Half Bike, Half Car and Half Baked. The ELF by Organic Transport

Another day and another next best thing to solve our future transportation worries is trying to get its start-up money from Kickstarter, the crowdfunding website. Today is the turn of the Electric Light Fun Vehicle or ELF from Organic Transit Inc based in North Carolina, in the good old US of Americaland. Described as the very first velomobile (a word that has not made it to the dictionary yet) by its inventor Rob Cotter, the ELF is said to represent the arrival of the first practical pedal/electric, bike/car hybrid.

‘We saw the space available between the bicycle and the car,’ says Rob Cotter, founder and CEO of Organic Transit ‘It’s a great big hole in there.’ There have of course been other pretenders that have tried to fill this gap, such as the motorcycle, moped and various scooters, but don’t tell this to Cotter – you may disillusion him.

Looking a little like a recumbent bike and the old BMW bubble car, the ELF is aimed firmly at the millions of local commuters who won’t ride bikes because they are worried about little things like the weather or life expectancy, or arriving at work sweat-soaked and disheveled. Here is the clincher – Cotter could have a point. The US Department of Transportation claims that half of all the domestic trips taken in America are of less than three miles yet 72% of these are taken by car.

Although the ELF is classified as a bike across all of the USA, it comes equipped with some very car-like features, such as LED headlamps, tail lamps and turn indicators which should add immeasurably to operator safety. The rider/driver sits in a polycarbonate shell that is very reminiscent of a pod and is thus protected from the worst of the elements. The vehicle is powered either by an electric motor, which will take you up to 32kph, or by pedaling, or both, which then gives you a top speed of 48kph, allowing you to mingle easily with commuter traffic. Charging of the battery is by either a 100 watt solar panel on the roof, which takes seven hours, or by plugging it in which takes 1 ½ hours.
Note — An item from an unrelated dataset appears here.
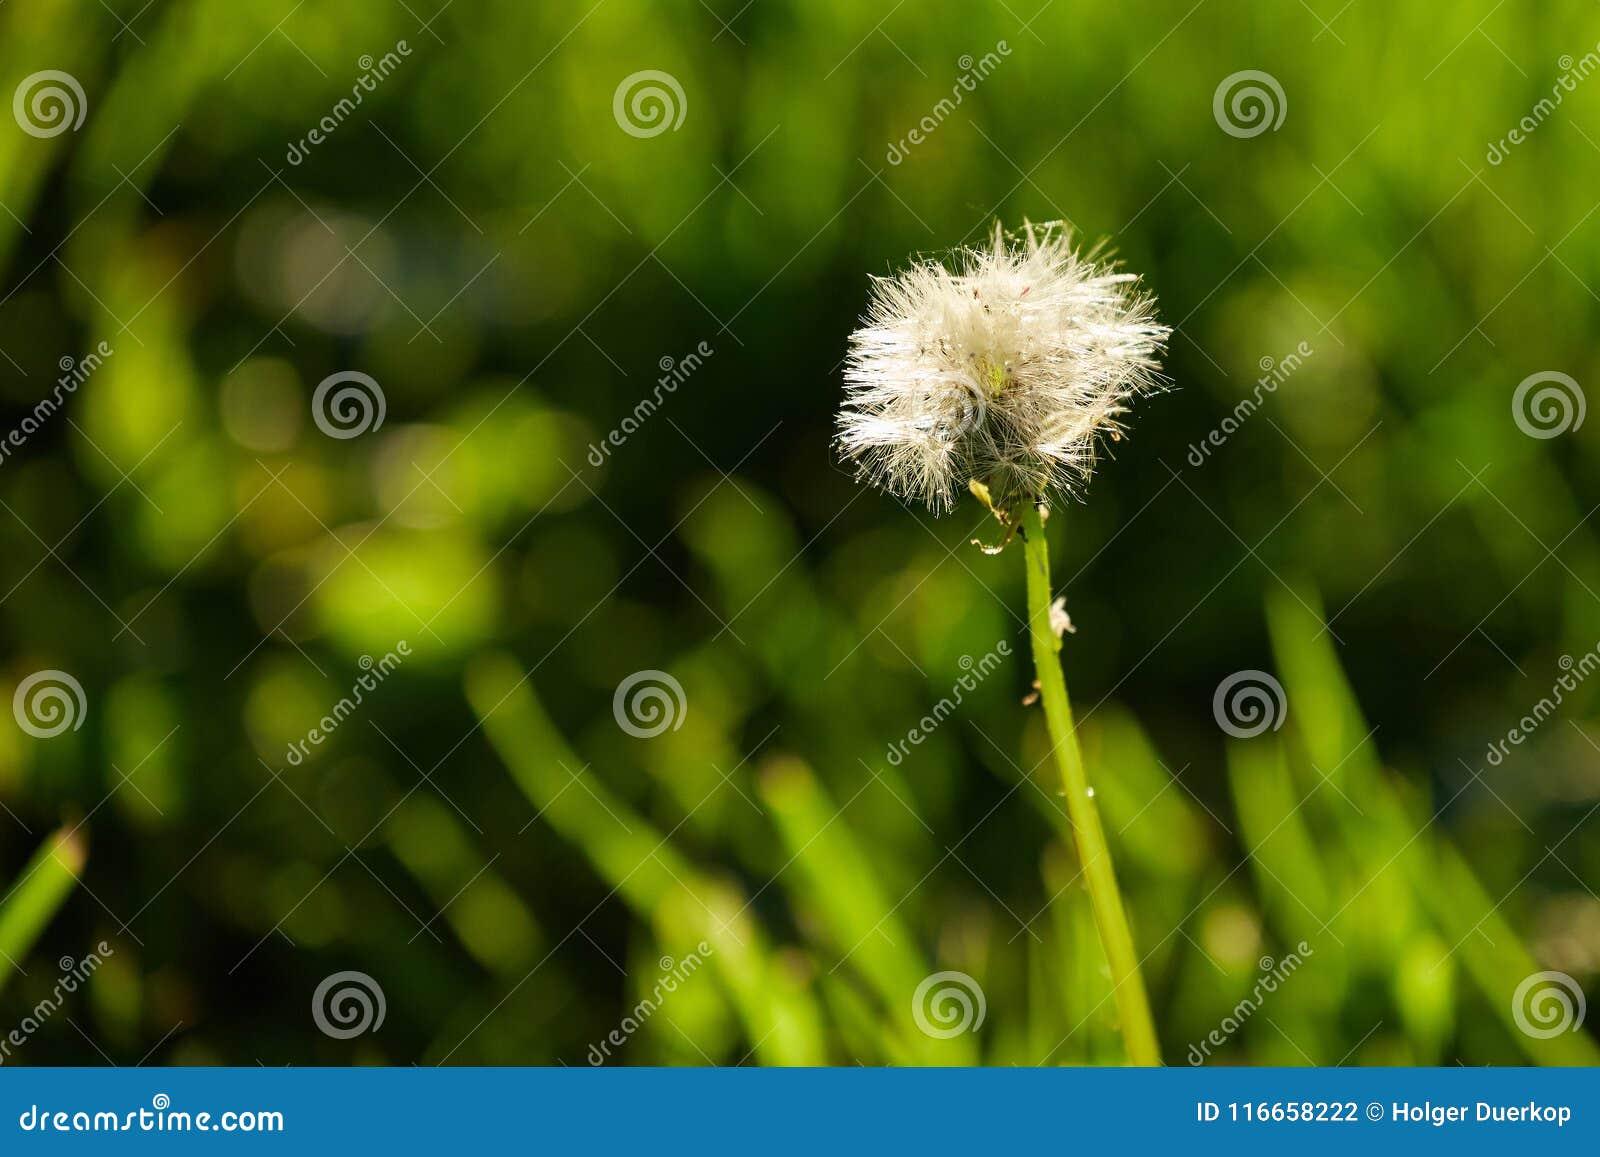 Dandelion in spring light

One nifty thing about the ELF is that the 150lb vehicle actually has a 350lb payload, which of course suddenly starts to make it a very versatile vehicle. ‘Wherever the Elf goes, users become healthier. Cities become more livable and environments improve,’ Cotter says ‘We call this environmental prosperity and that’s part of our mission.’

The ELF differs from other velomobiles in the world, which are based on designs for human-powered racing vehicles. The ELF is designed specifically for the local trip market – for commuters, grocery shoppers and errand-runners – not racers. Hence the high and comfortable sitting position, large wheels, easy steering and shifting mechanisms, tall frame for traffic visibility, and other practical choices. However, the US$5400 price tag, and that is before you visit the options list, may prove a little rich for all except for the truly committed eco-warrior…until, that is, you consider that the average US household spend some US$9000 on little things like fuel and insurance and so on.
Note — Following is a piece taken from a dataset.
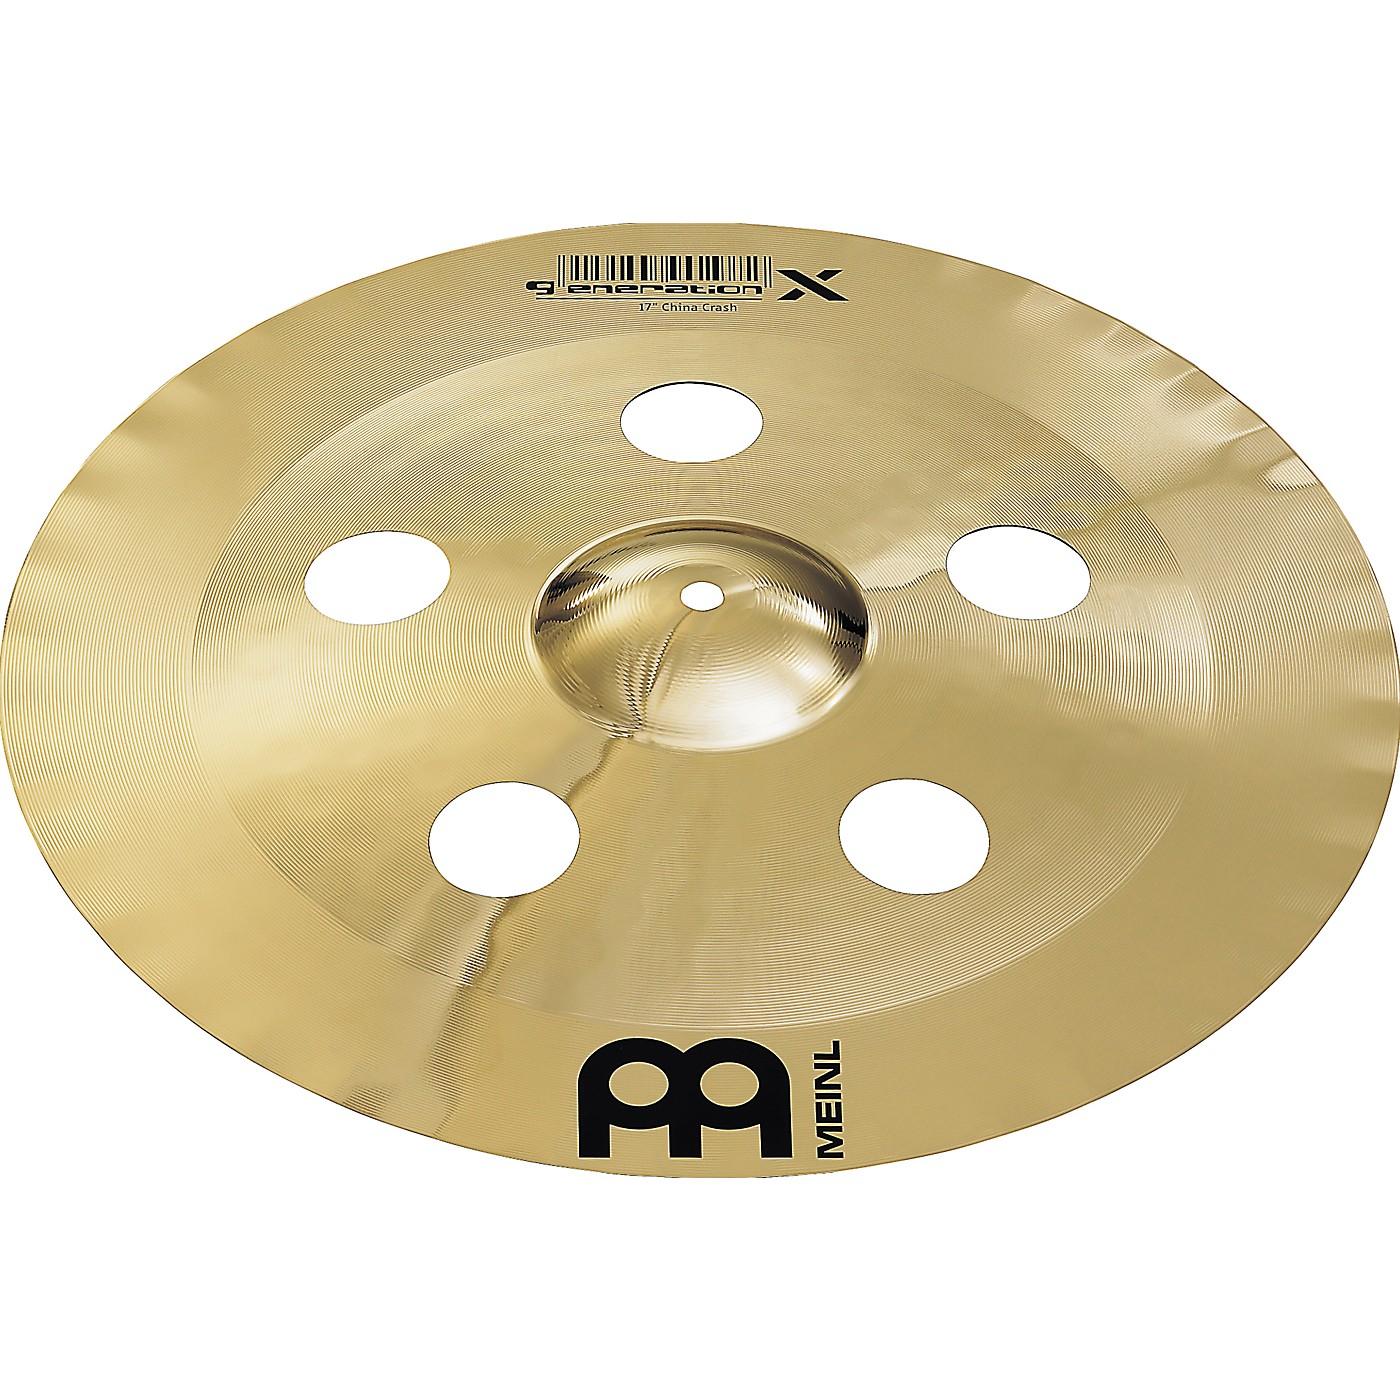 Meinl Generation X China Crash Cymbal thumbnail

Organic Transit, which raised US$225,789 through Kickstarter, produced 350 ELF cars in the last 14 months and hopes to soon boost production to 1,200 a year. The speed at which these new solutions to our future urban transport problems keep hitting the Kickstarter merry-go-round is a bit reminiscent of the Dot.Com bubble that sparked a mini recession in the year 2000 when it burst. Let us hope the future treats them all a bit more kindly because as Organic Transport will remind you…

Not Many People Know This…

The 1947 Honda A-Type

In a way, one of the largest car companies in the world started off as an alternative mobility company. The founder of Honda Motor Corporation in Japan, Sochihiro Honda, originally built racing cars before World War II. After the war, with Japan in ruins, he launched his own company selling retrofit motors that transformed the ubiquitous bicycles into mopeds.

After the war, the bicycle was the most common form of transportation as most of the population lacked the funds to buy anything larger. Honda saw an opportunity for low-cost motorised transport. He did it by modifying the Mikuni Shoko two-stroke engines from surplus generators used to power military radios. Honda launched his company in 1946, stripping the motors, rebuilding them and fitting them with a drive system and mount for the bicycles.

In 1947, Honda launched his first offering, the A-Type, which was the company’s first fully built moped, followed by the D-Type in 1949, which was the first motorcycle engineered and built by Honda. I guess you could say that the rest is history.